### EXERCISE BRIEF
Give back every record exactly, with its pictures left out.

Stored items
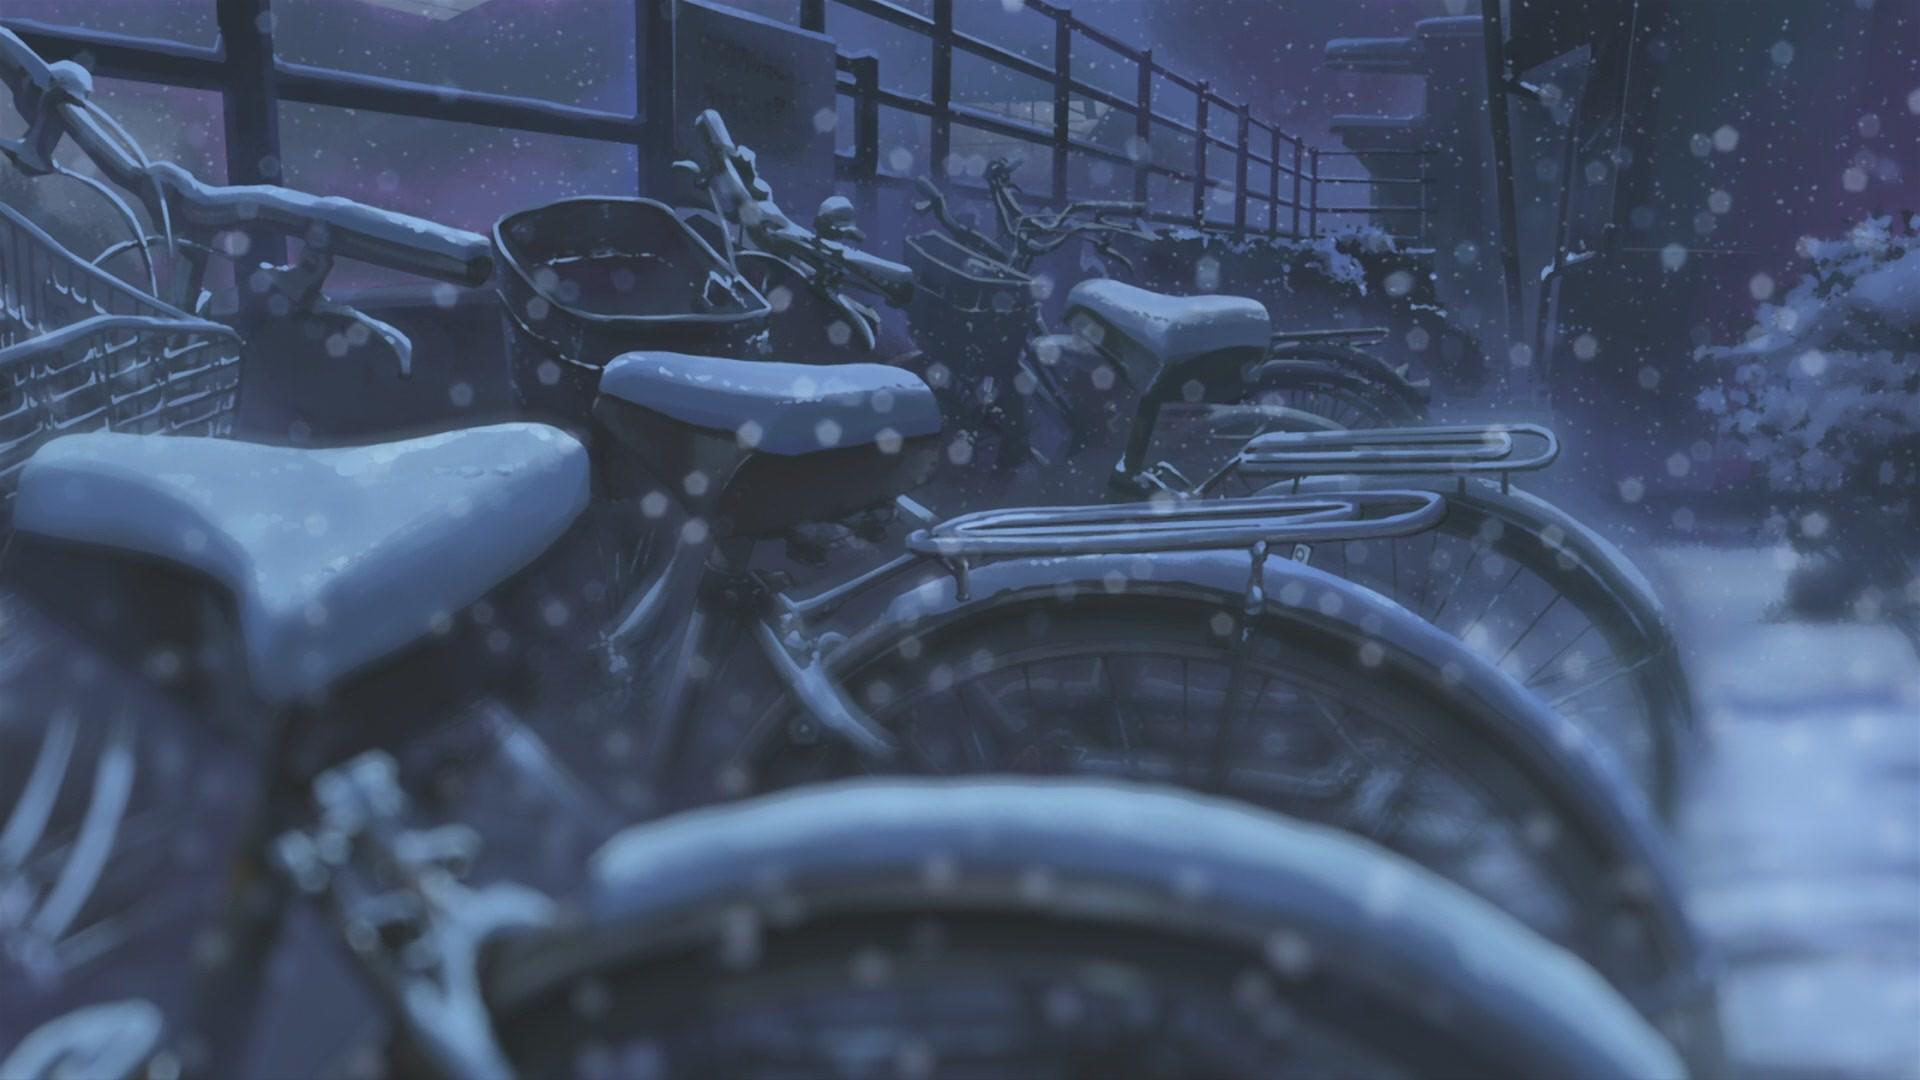 Wallpaper Snow Winter Vehicle Manga 5 Centimeters Per Second
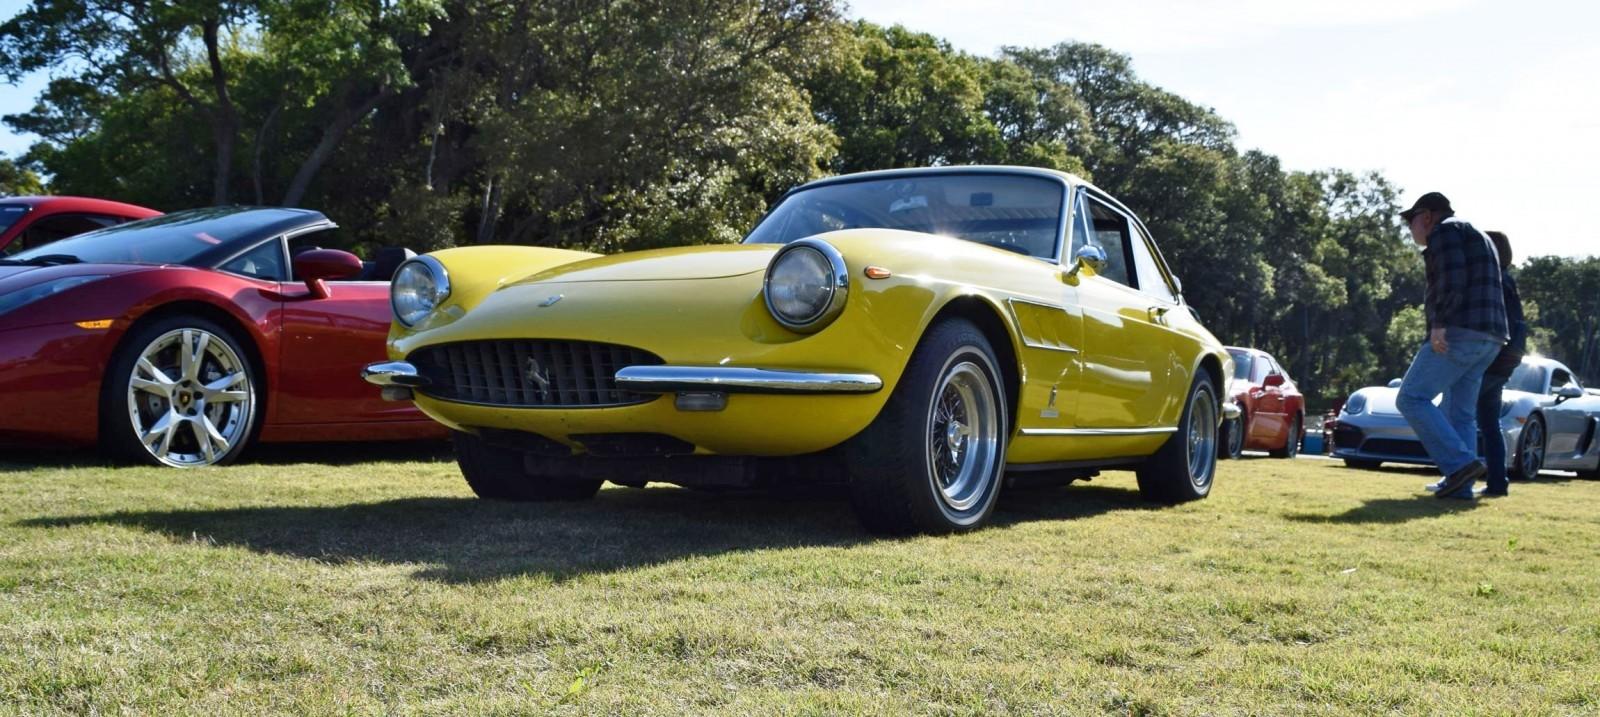 Kiawah 2016 Highlights 1967 Ferrari 330gtc In Giallo Fly
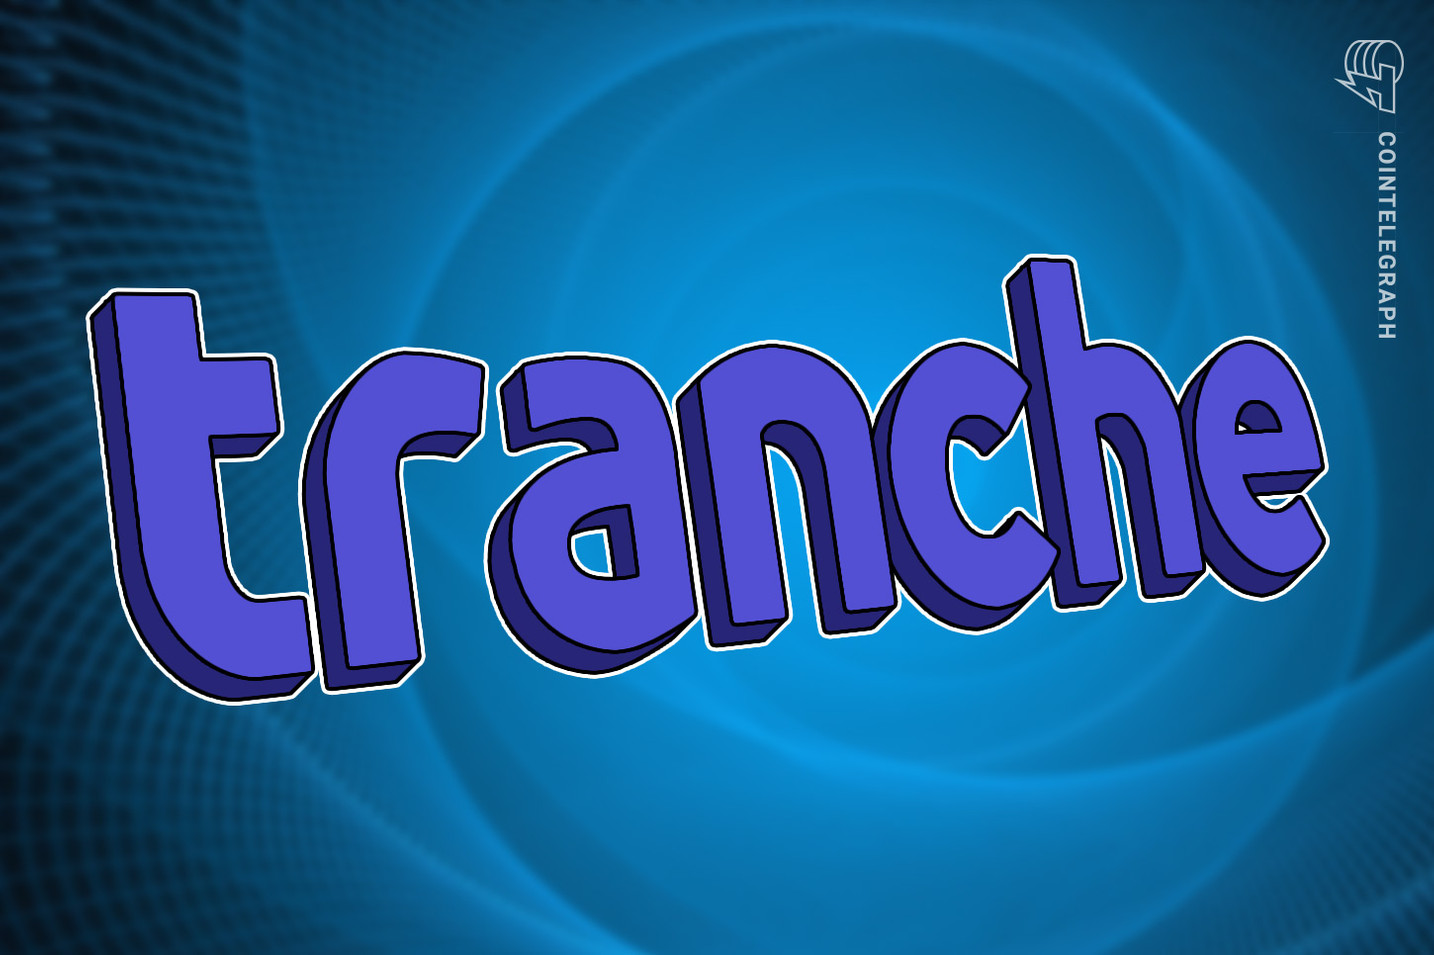 Tranche Finance launches as CDOs spearhead DeFi growth
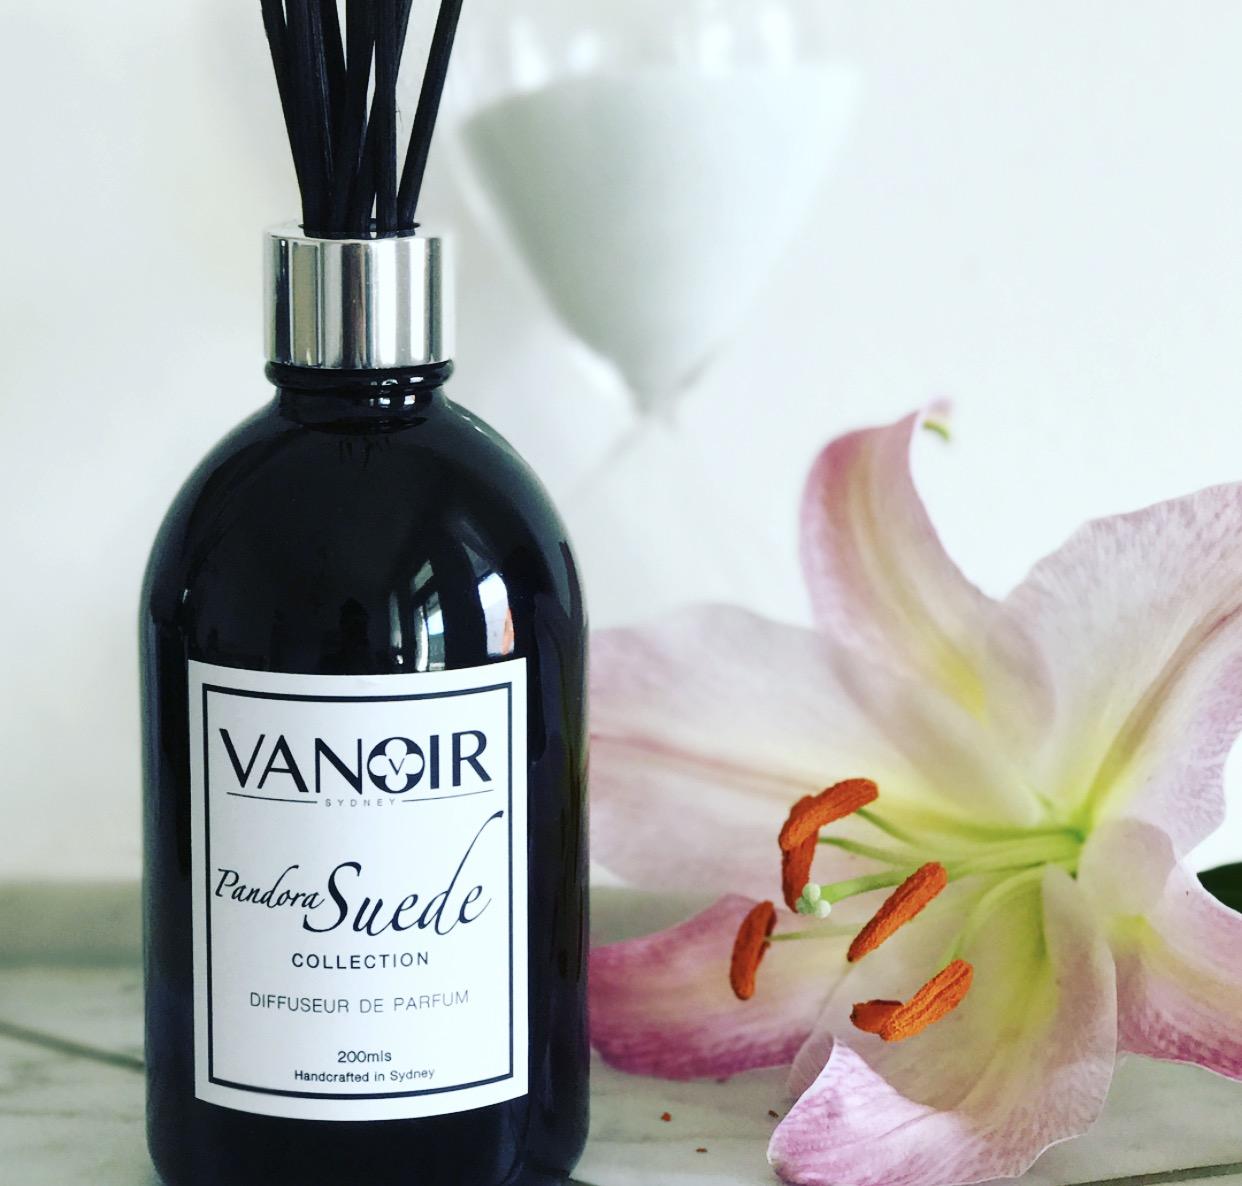 pandora suede diffuseur de parfum collection vanoir. Black Bedroom Furniture Sets. Home Design Ideas
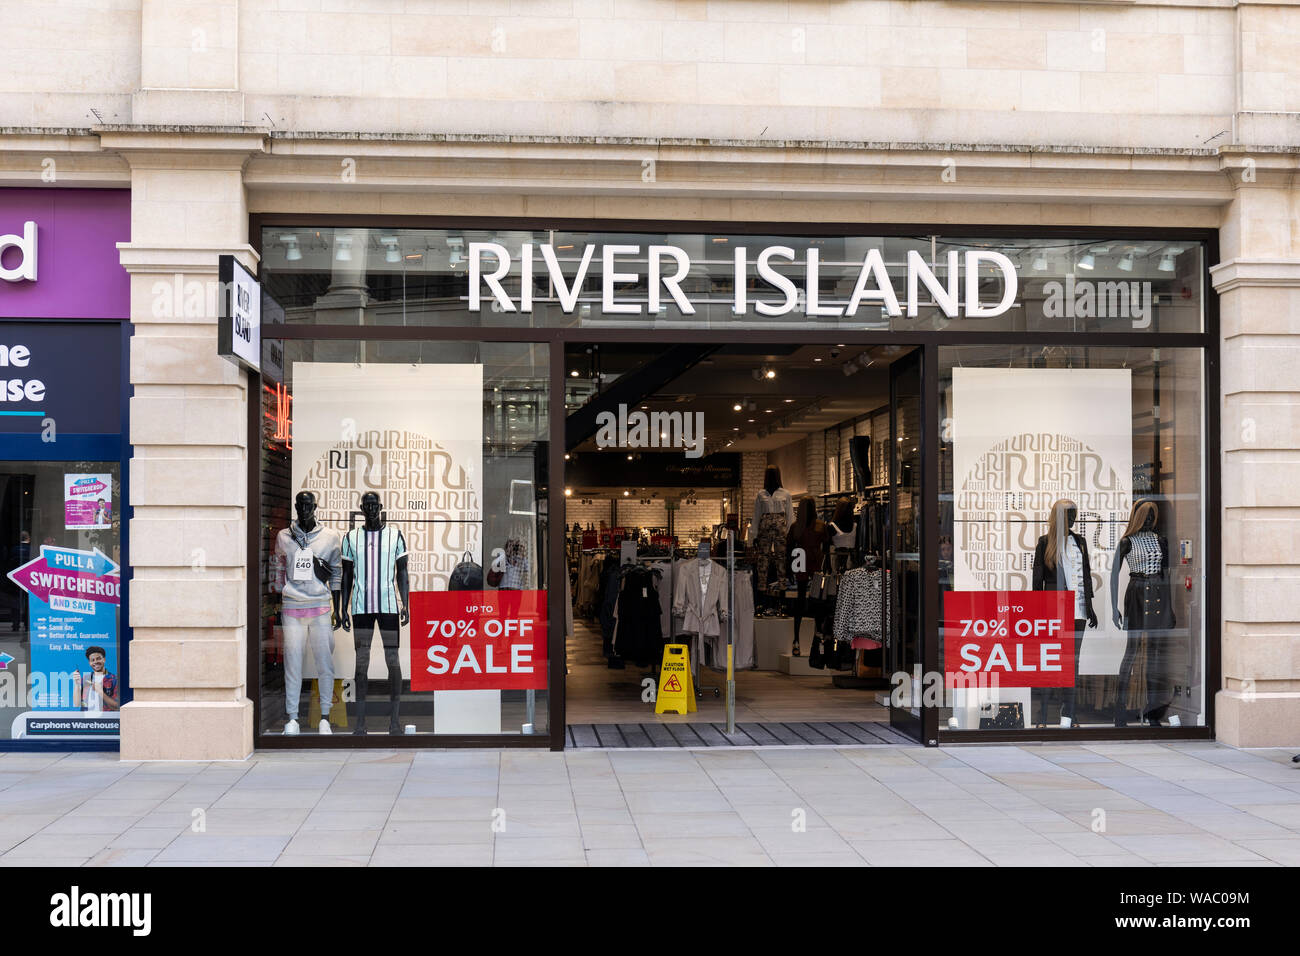 River Island Store, SouthGate shopping centre, Bath UK Stock Photo

### RESULT OF THIS EXERCISE
 Wallpaper Snow Winter Vehicle Manga 5 Centimeters Per Second
 Kiawah 2016 Highlights 1967 Ferrari 330gtc In Giallo Fly
 Tranche Finance launches as CDOs spearhead DeFi growth
 pandora suede diffuseur de parfum collection vanoir. Black Bedroom Furniture Sets. Home Design Ideas
 River Island Store, SouthGate shopping centre, Bath UK Stock Photo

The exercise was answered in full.